Photography by Sophie Marie Creative


  • 1 onion; diced
  • 4 cloves garlic; minced
  • 3 pounds ground meat (I used 2lbs lean ground turkey and 1lb ground chorizo, but anything will do. Sometimes I use beef and turkey or beef and chorizo, get crazy with it)
  • 5 tablespoons chili powder
  • 2 tablespoons ground cumin
  • 1 tablespoon oregano
  • 1 can chipotle sauce (see photo above)
  • 1 can tomato paste (see photo above)
  • 1 can tomato sauce (see photo above)
  • 2 cans fire roasted tomatoes (see photo above)
  • 4 chipotle peppers in adobo; roughly chopped (add more or less depending on how spicy you like it)

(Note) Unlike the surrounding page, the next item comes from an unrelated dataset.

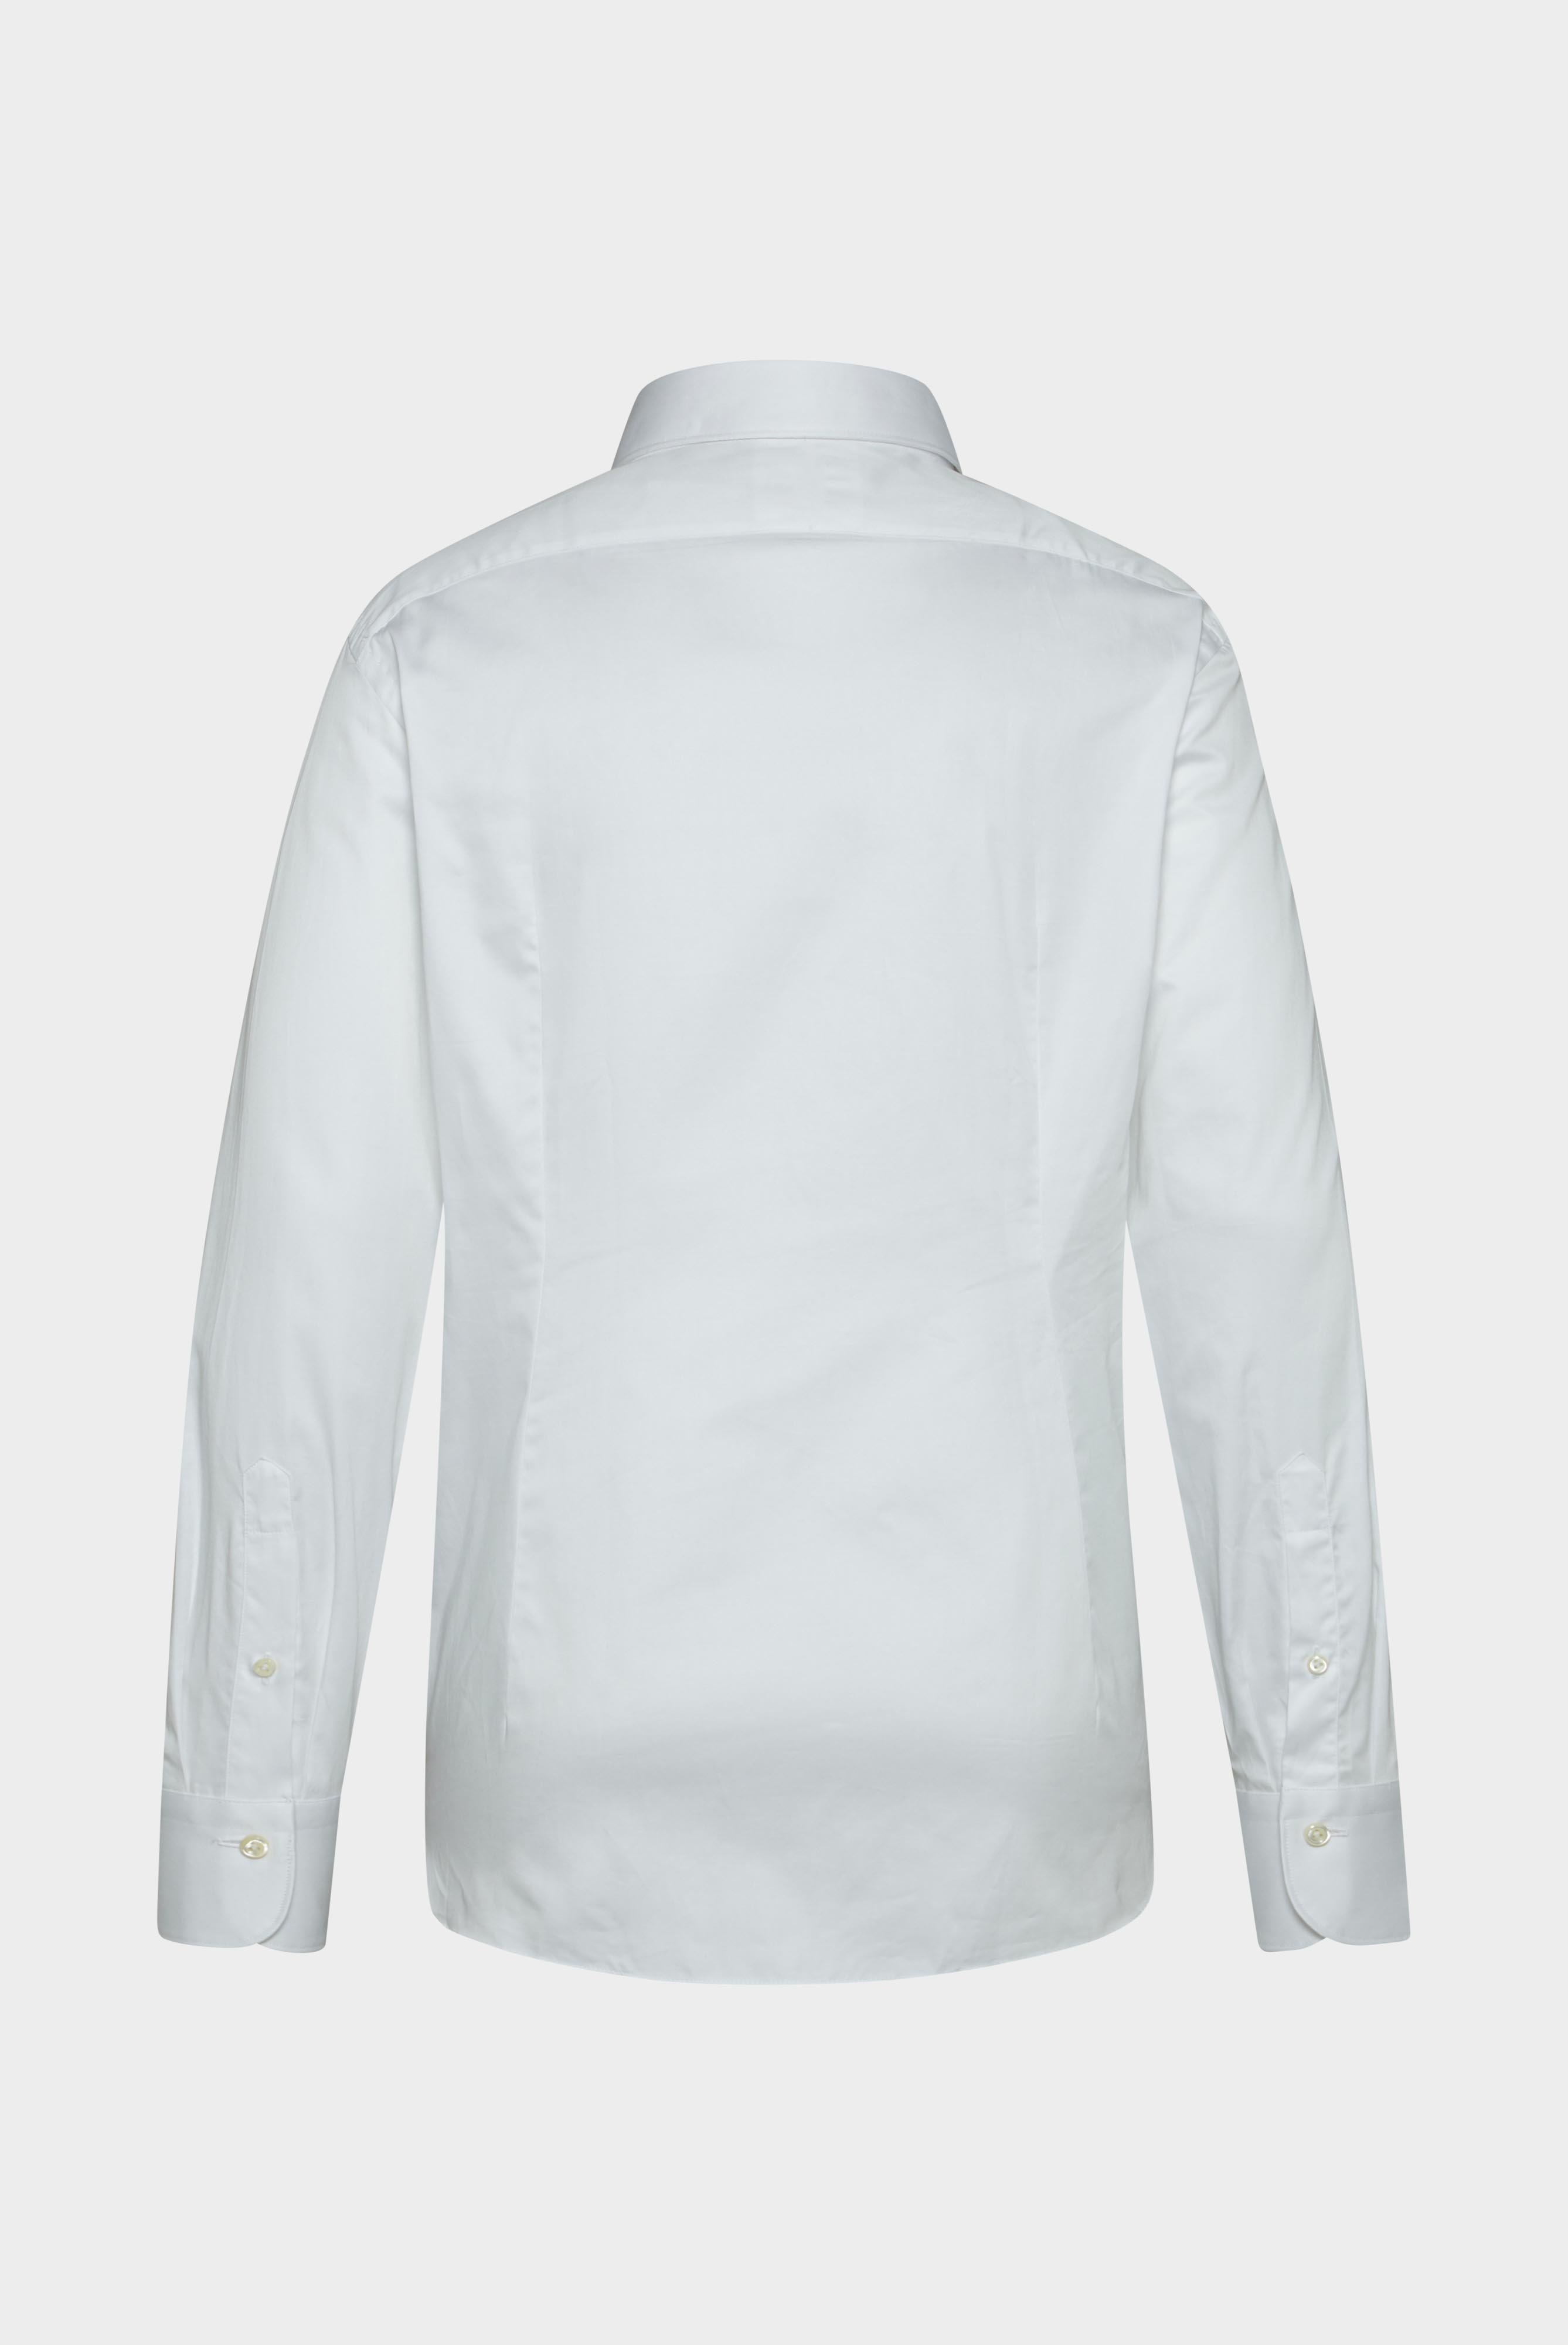 Meisterwerk Shirts+Structured Cotton Shirt+20.2502.NV.130972.000.37

  • 1 can tri-colored beans or any beans you like
  • 2 tablespoons sugar
  • Chicken broth (add as much or as little as you like, just depends on how soupy or thick you like it)


  1. In a large pot, spray with cooking spray or add a little oil and begin softening the onion and garlic. Once soft, add the meat and allow it to begin browning.  Sprinkle in the seasonings and give it a good mix.  Once the meat is fully browned, add in the remaining ingredients except for the chicken broth. Once stirred and well combined, add in the chicken broth one cup at a time until it has reached your desired consistency.  Bring the chili to a boil, then cover and reduced the heat to low.  Simmer for about an hour, the longer the better.  Serve hot and top with whatever you like, it is great with cheddar cheese, sour cream, and cilantro. Lots and lots and lots of cilantro…. mmmm yum.